# [TASK TO CARRY OUT]
Nothing but an exact repeat of the data, with pictures removed, belongs in the answer.

# [GIVEN MATERIAL]
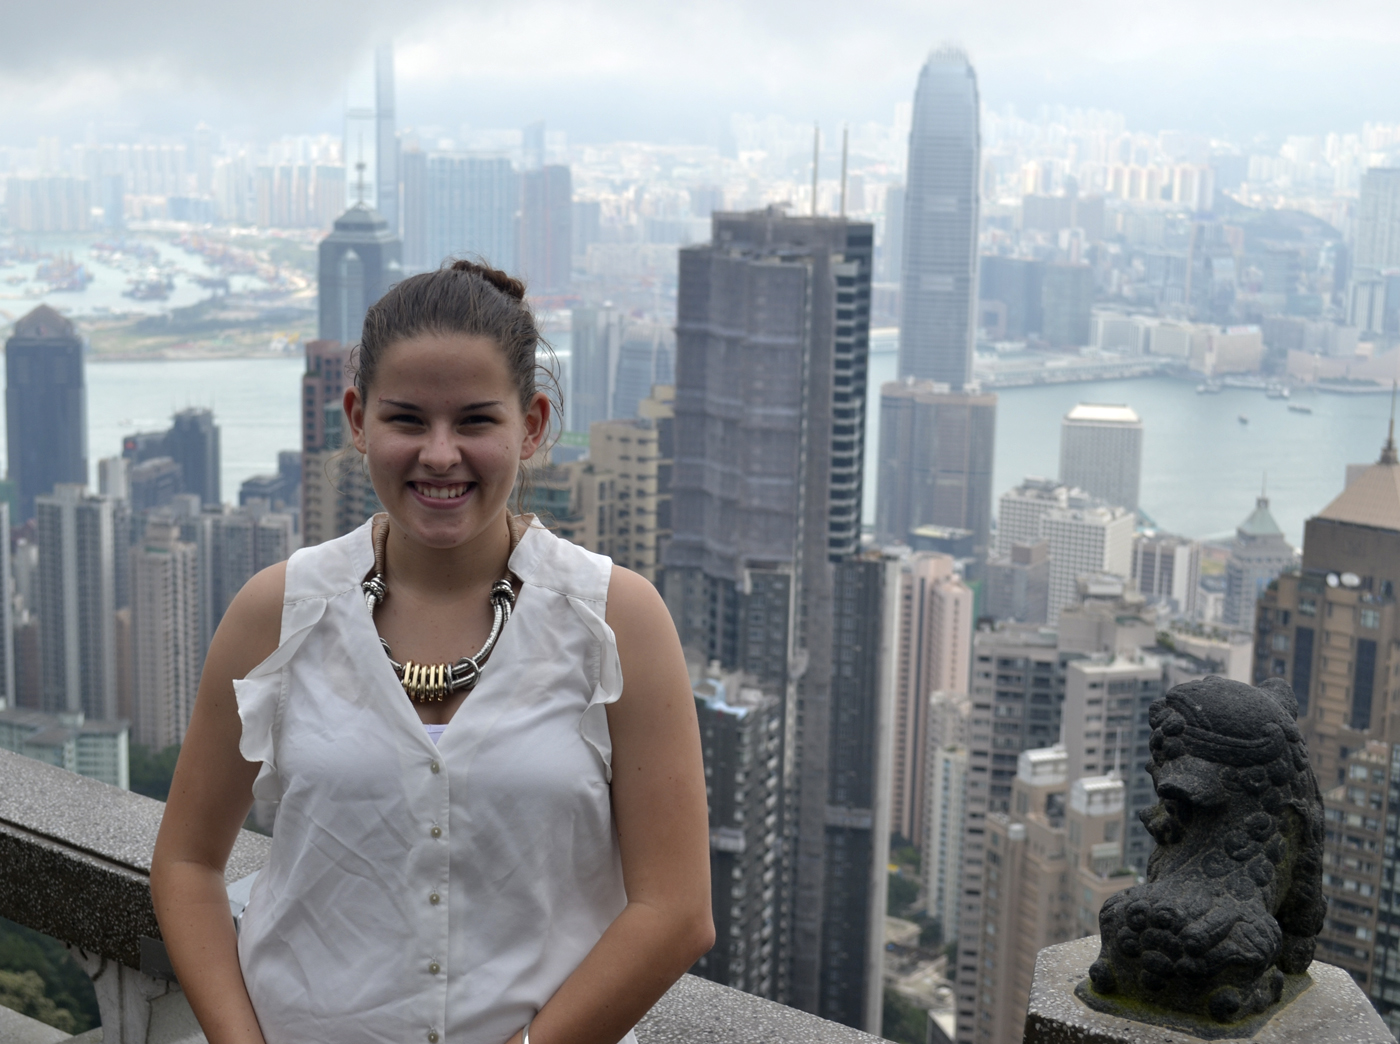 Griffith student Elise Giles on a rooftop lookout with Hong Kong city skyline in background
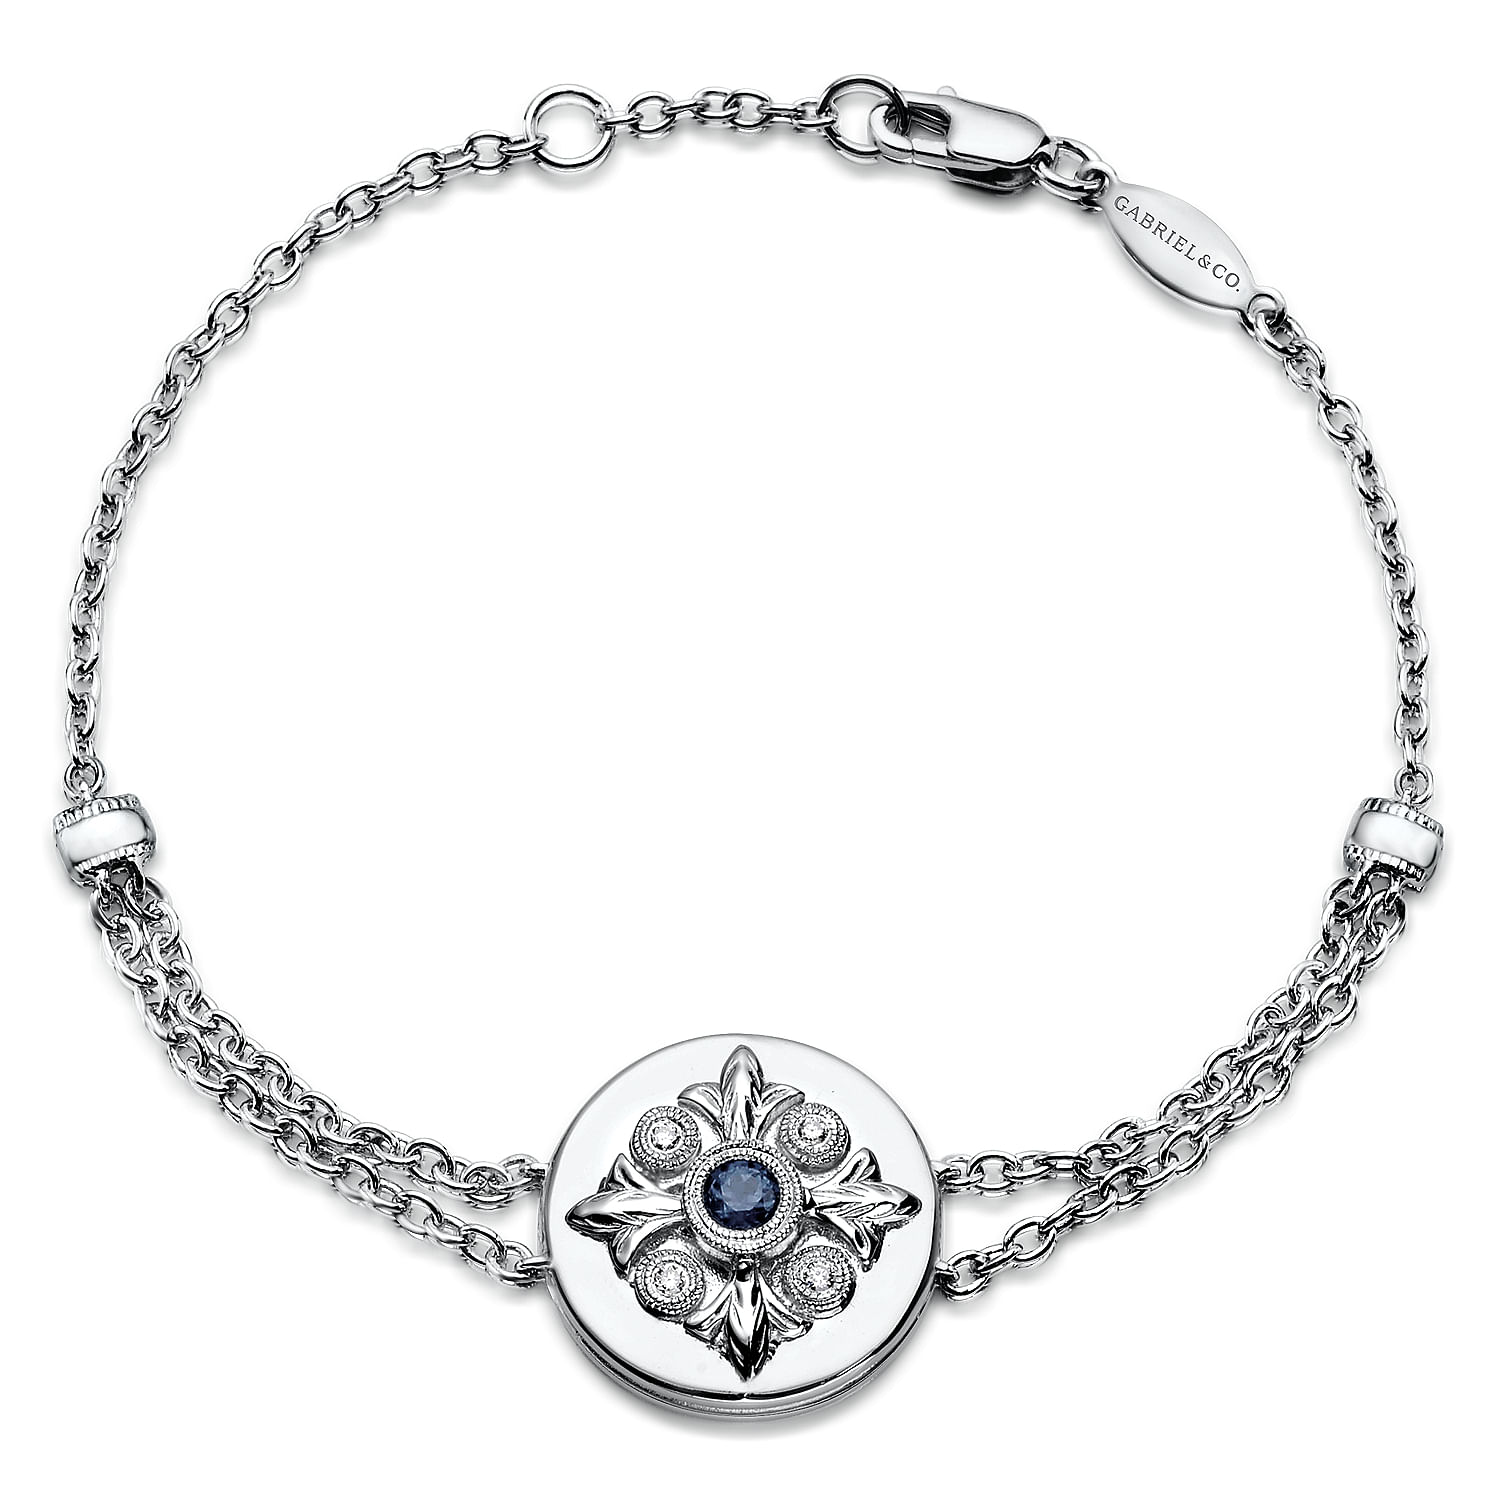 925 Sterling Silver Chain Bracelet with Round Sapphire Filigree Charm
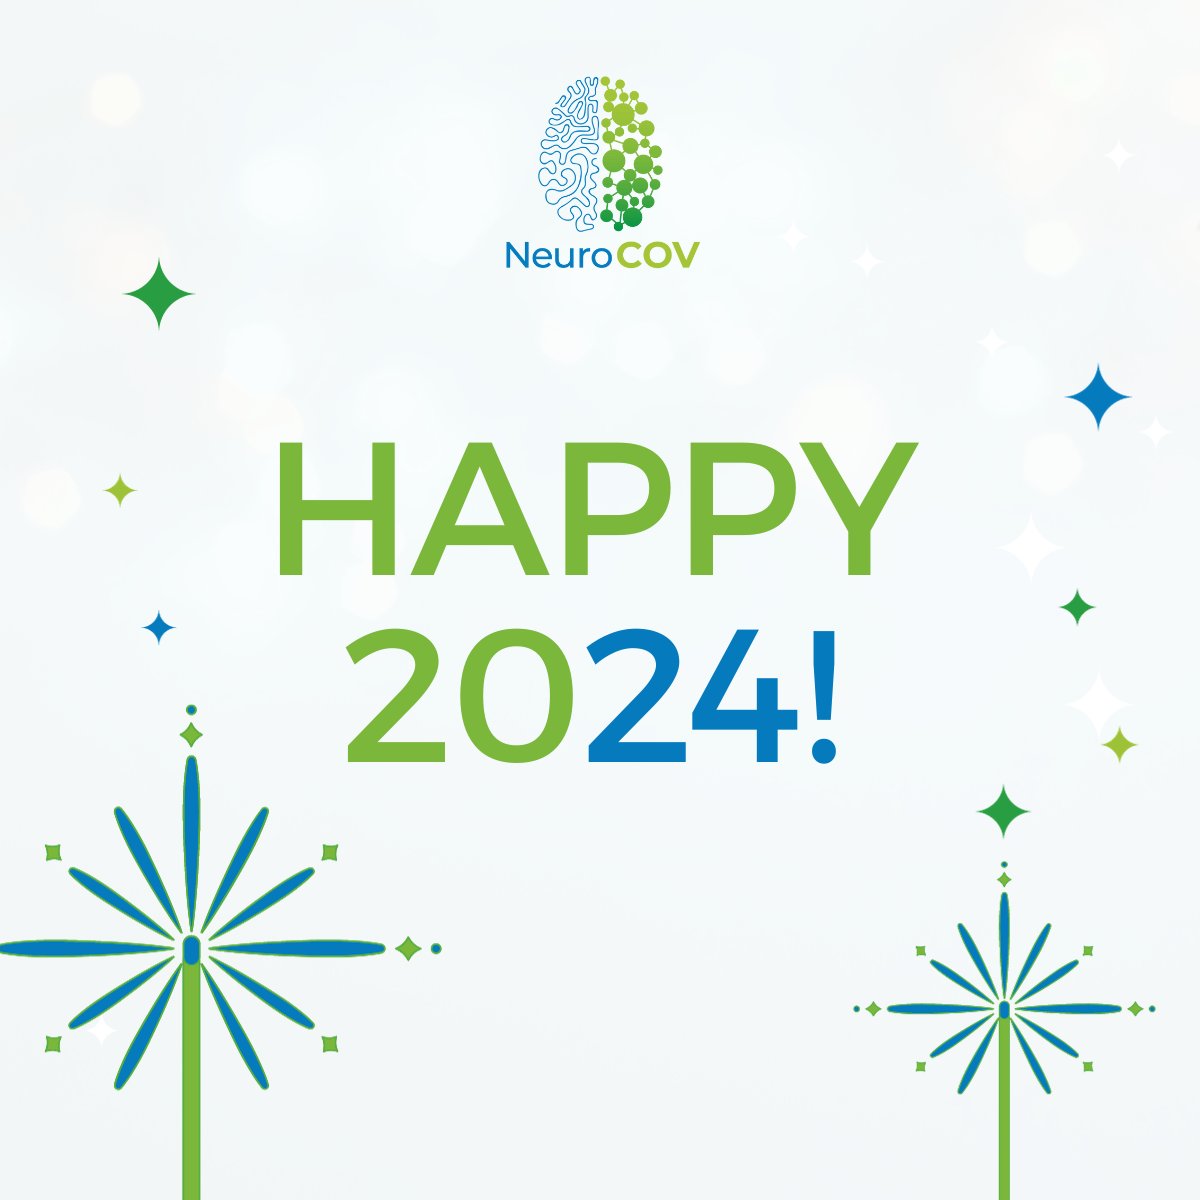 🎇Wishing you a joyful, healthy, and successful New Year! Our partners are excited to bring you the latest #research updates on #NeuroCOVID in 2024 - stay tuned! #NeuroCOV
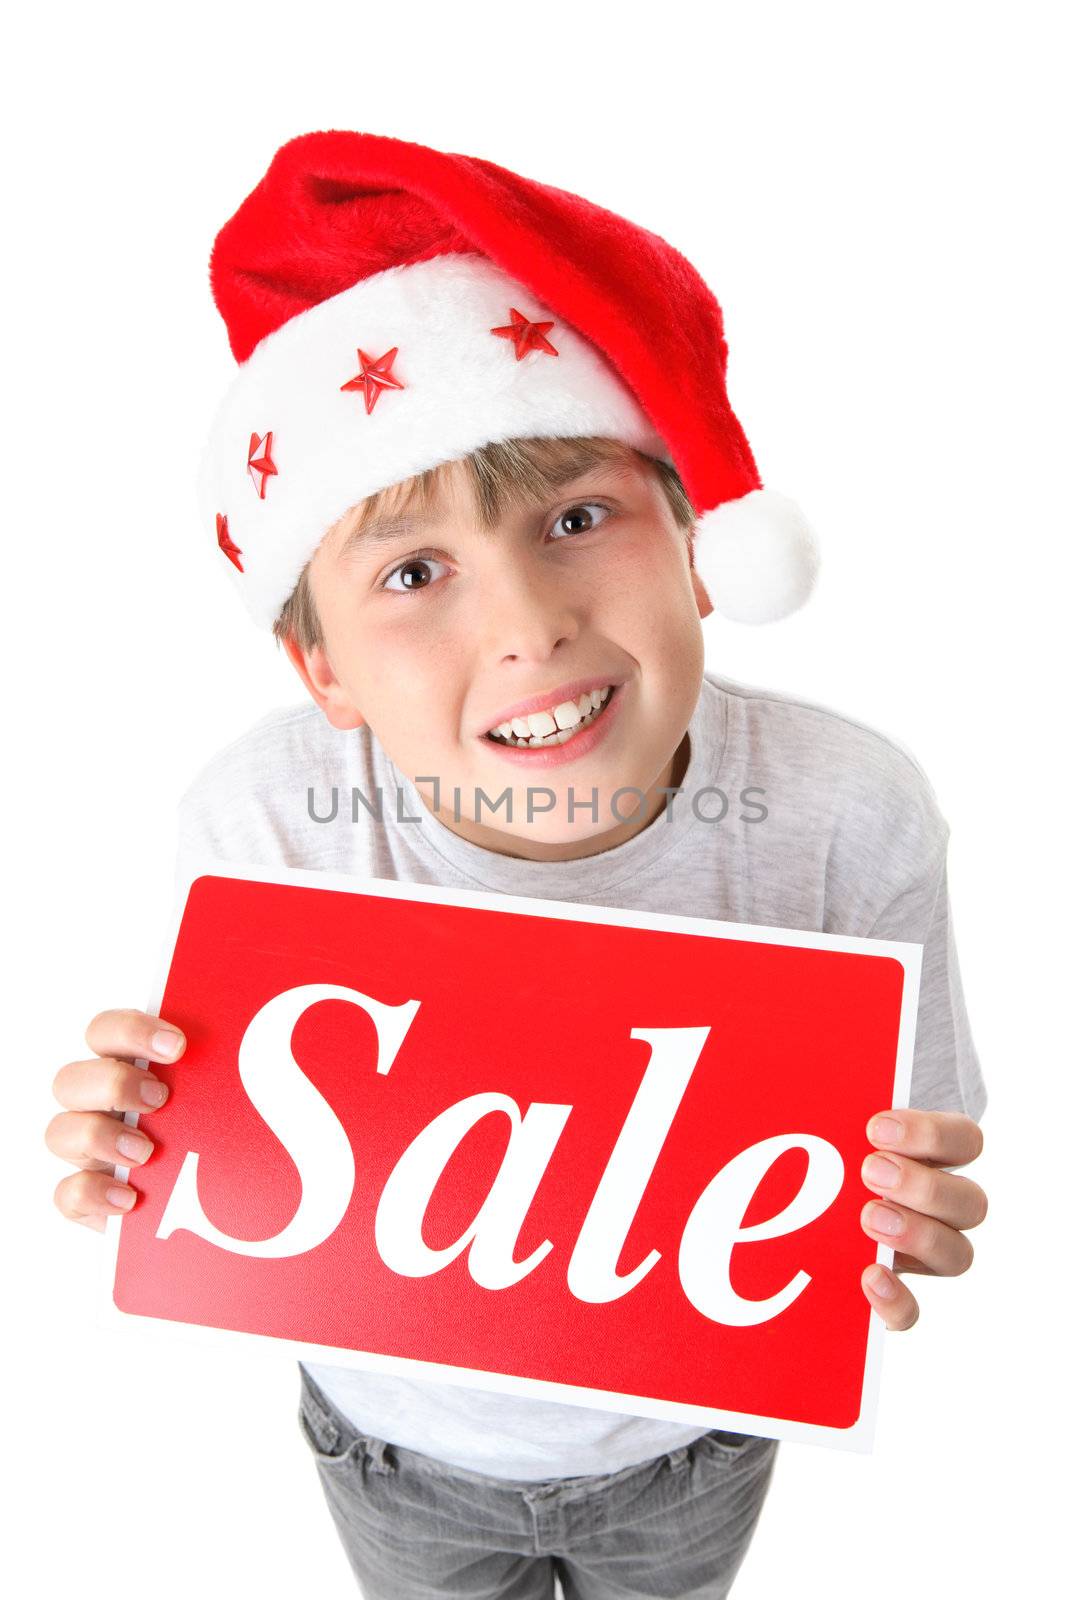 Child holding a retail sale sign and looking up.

# [TASK ANSWER]
 Griffith student Elise Giles on a rooftop lookout with Hong Kong city skyline in background
 925 Sterling Silver Chain Bracelet with Round Sapphire Filigree Charm
 🎇Wishing you a joyful, healthy, and successful New Year! Our partners are excited to bring you the latest #research updates on #NeuroCOVID in 2024 - stay tuned! #NeuroCOV
 Child holding a retail sale sign and looking up.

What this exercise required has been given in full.